Inflation rate hits a 16-month low in August
However, despite the low inflation rate, Koreans, especially those in middle and low-income households, are burdened by the continuing price hike in produce, which is expected to worsen with the sluggish economy.
In August, the country’s consumer prices rose 0.4 percent year on year, the lowest growth since April 2015, when the prices also rose 0.4 percent, the government said on Thursday.
“The slow growth rate is mainly due to the government’s decision made last month to give discounts on electricity bills for households,” said Yoo Soo-young, a director at the Ministry of Strategy and Finance. “The inflation rate in August would be around 0.8 percent if the changes in electricity billing systems were not made.”
In fact, the government has decided to discount household electricity bills from July to September, as lawmakers and many residents found the current progressive billing system unfair or said it burdened households. During the heat wave, angry residents called for changes to the system.
“The fall in crude oil prices not only impacted the price of petroleum products but also dragged down the overall prices for electricity, water and gas,” Yoo said.
Prices for electricity, water and gas fell 12.6 percent in August compared to the previous year, contributing to lowering inflation by 0.57 percentage points.
Petroleum prices dropped 8.8 percent over the year, mirroring the fall in international crude prices, lowering inflation by another 0.37 percentage points. Gasoline prices fell 8.2 percent and diesel prices dropped 7.6 percent compared to a year ago.
Even though the overall inflation rate slowed, basic living expenses and consumer prices of food increased last month, tightening living conditions for low and middle-income households.
Prices of fresh produce rose 2.8 percent compared to the previous year and the prices of other food, including agricultural produce, livestock and fishery products increased 1 percent.
“The prices of vegetable rose significantly from the previous year due to the hot weather,” said Yoo at the Finance Ministry.
The prices of vegetables alone rose 6.2 percent year-on-year last month.
Napa cabbage prices jumped 58 percent, pepper became 30.9 percent more expensive and the cost of garlic rose 17.5 percent.
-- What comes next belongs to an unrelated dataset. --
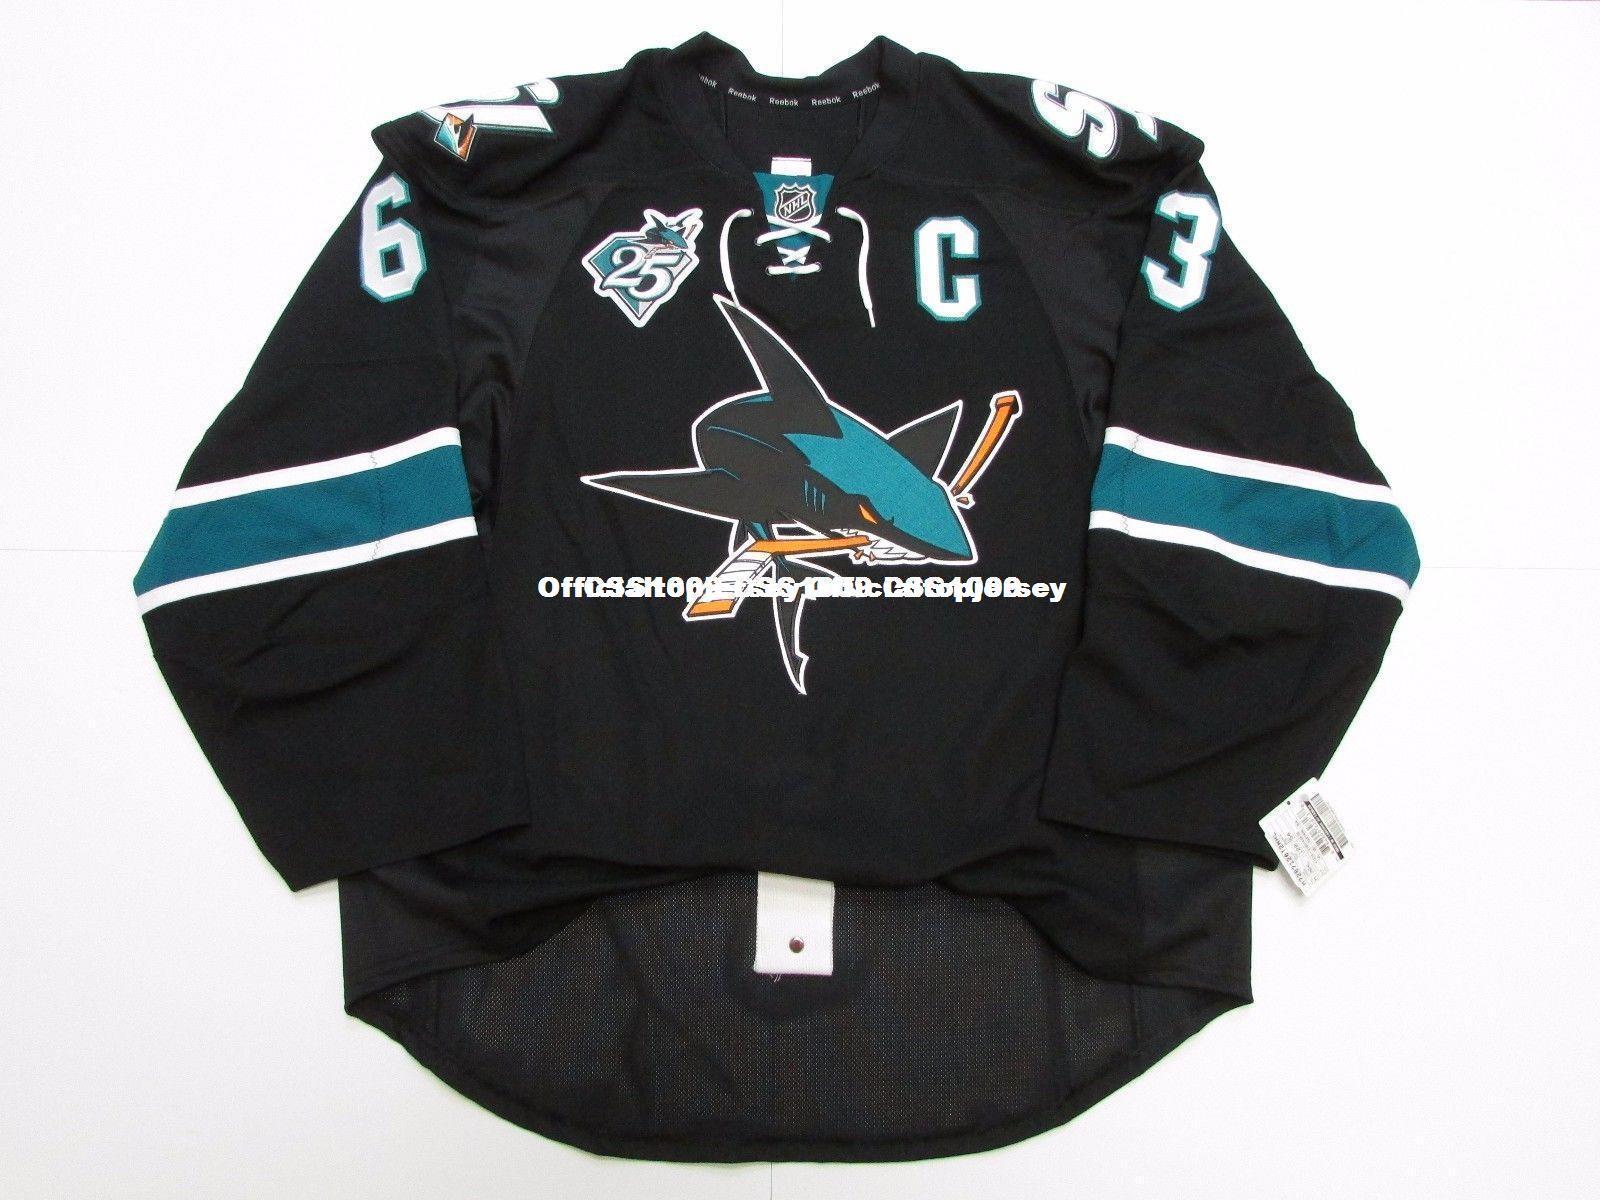 timeless design 13de8 42442 Cheap custom SAWYERS #63 SAN JOSE SHARKS THIRD 25th ANNIVERSARY JERSEY  stitch add any number any name Mens Hockey Jersey GOALIE CUT 5XL

The cost of Korean beef, or hanwoo, rose 13.7 percent, but pork prices dropped 4.5 percent. These products are widely used during Chuseok, the Korean Thanksgiving, which is just two weeks away.
Service prices, including rent, utility bills, travel and dining, in August increased 1.9 percent year-on-year, contributing to raising overall inflation by 1.07 percentage points. The cost of rent, including jeonse, or lump-sum rental deposits, was up 2.5 percent compared to the previous year.
The price of the Korean liquor soju sold in restaurants and bars rose 13.2 percent, and the prices of raw fish meals at restaurants increased 5.2 percent, according to Statistics Korea.
Consumer prices rose the most in Busan by 0.8 percent, followed by Seoul (0.7 percent) and Gwangju (0.6 percent). Inflation was lowest in Gumi, North Gyeongsang, and Jinju, South Gyeongsang, which each saw inflation drop 0.3 percent in August.
“The discounts on electricity bills are going to expire in October and we expect the inflation rate to move up to around 1 percent later this year as it did before,” said Yoo. “Global oil prices are showing signs of recovering and it appears that some of the downward pressure from overseas will be reduced.
“The government will monitor consumer and global oil prices thoroughly and will try its best to stabilize the local retail and agricultural industries so that they can be prepared for Chuseok.”
The government statistics agency researched 481 major goods Koreans purchase in 37 major cities and provinces.